Tiro con arco, dobles mixto. En cualquier ronda, tire quien tire, siempre termino apoyando a una de las dos parejas. A veces por el país al que pertenecen, otras por un simple gesto que me genera simpatía, otras porque van perdiendo. También por la actitud o por la pinta. En ocasiones, ni siquiera sé por qué. Sucede incluso que llego a cambiarme de bando.
El blanco está ubicado a setenta metros de los arqueros. Tan lejos que la flecha no va en línea recta, sino que describe una especie de parábola. Aunque, claro, eso apenas logra verse en unas pocas repeticiones en cámara lenta que aparecen de vez en cuando.
La mayor parte del tiempo, por el contrario, uno es víctima de un procedimiento bastante cinematográfico, en el que se alcanza a ver primero la cuerda templada contra la nariz, el labio o el cachete del arquero y, luego, el instante en que la flecha aparece clavada lo más cerca posible del blanco.
El centro del blanco da un puntaje de 10 que va bajando de 1 en 1 a medida que la flecha se aleja hacia los demás círculos dibujados en la diana. Los competidores casi siempre dan en el 9. También le pegan bastante al 10 y al 8. Los 7 resultan toda una decepción. Y ni hablar de un 6. Un desastre total.
Lo que para uno es un simple programa de televisión que dan cada cuatro años representa, en realidad, cientos y miles de vidas con cientos y miles de horas de entretenimientos y de esfuerzos inimaginables detrás. Y obvio que es obvio. No habría siquiera que aclararlo, sino fuera por la actitud medio extraña que uno termina mostrando a medida que avanzan las rondas.
En primer lugar, todos los competidores hacen las cosas tan bien que al final casi parece que las cosas fueran fáciles. Además, aunque uno intuye la dificultad y admira la destreza, al mismo tiempo se sorprende despreciando pequeños errores que en cualquier otro contexto serían insignificantes. En este caso, sin embargo, parecen definirlo todo.
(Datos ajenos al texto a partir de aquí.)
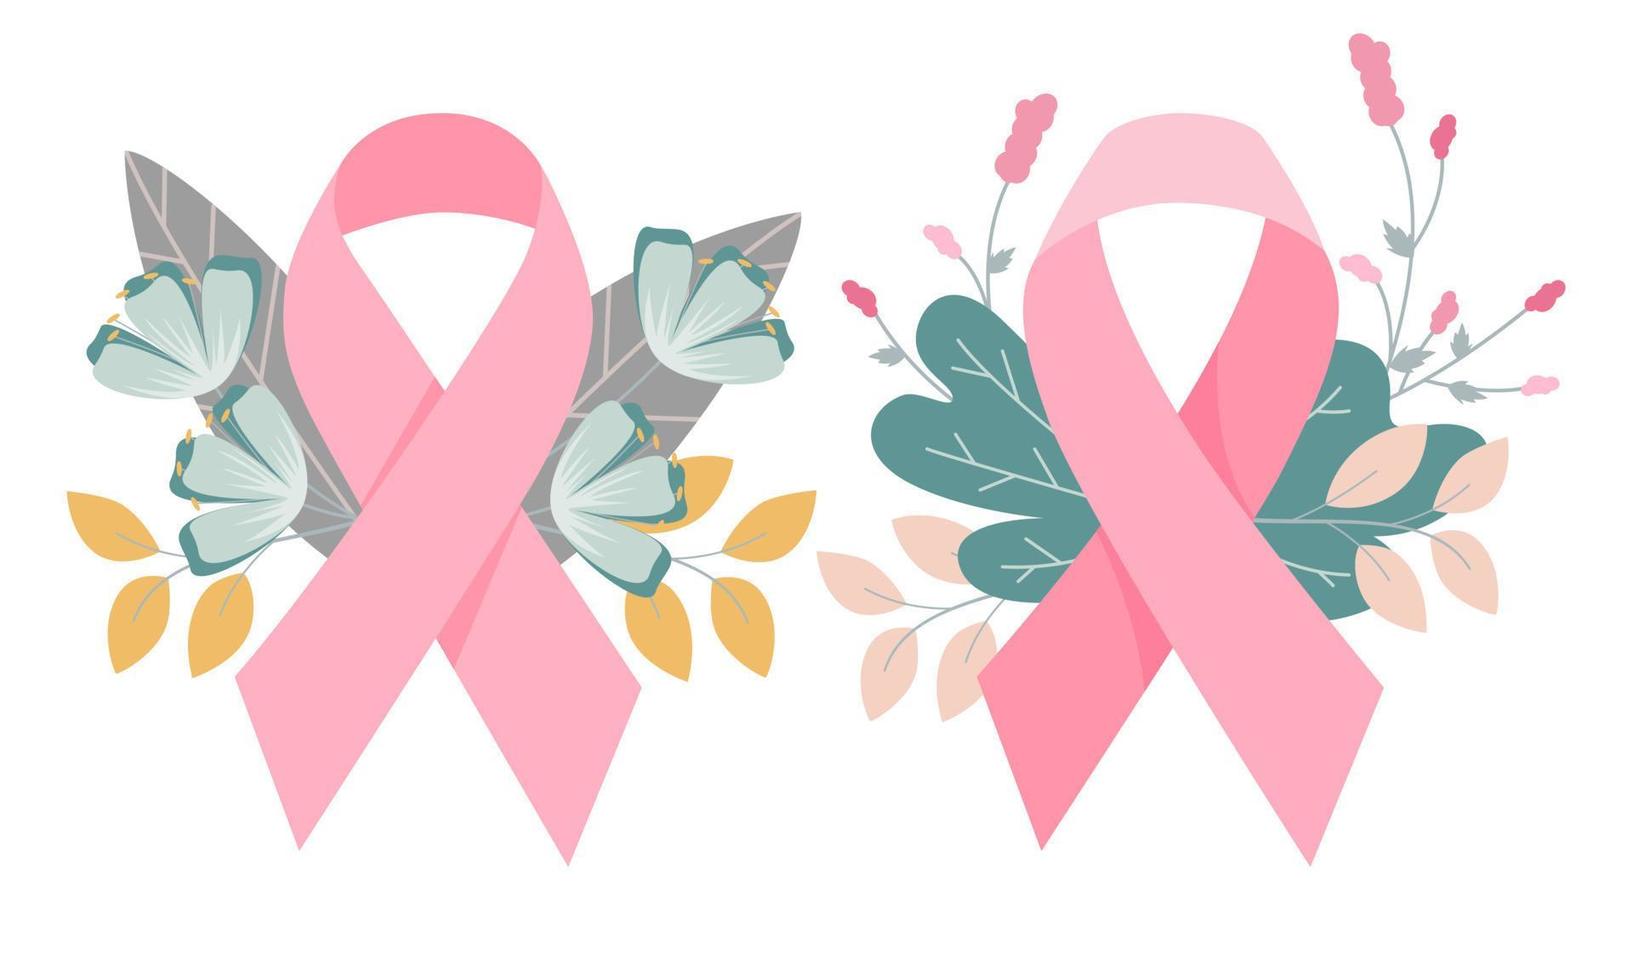 borst kanker linten en bloemen voor banier of poster, borst kanker dag concept. vlak vector symbolen.

En cierta forma, uno no puede comportarse de otro modo. Por un momento, no es más que un simple televidente que se deja arrastrar y va saltando de ronda en ronda y de competencia en competencia y de deporte en deporte hasta perder la perspectiva y termina convertido en un espectador ultra exigente que condena las fallas más mínimas, sin dejar, en todo caso, de ilusionarse y desilusionarse, de forma trivial y pasajera, con lo que está sucediendo en pantalla.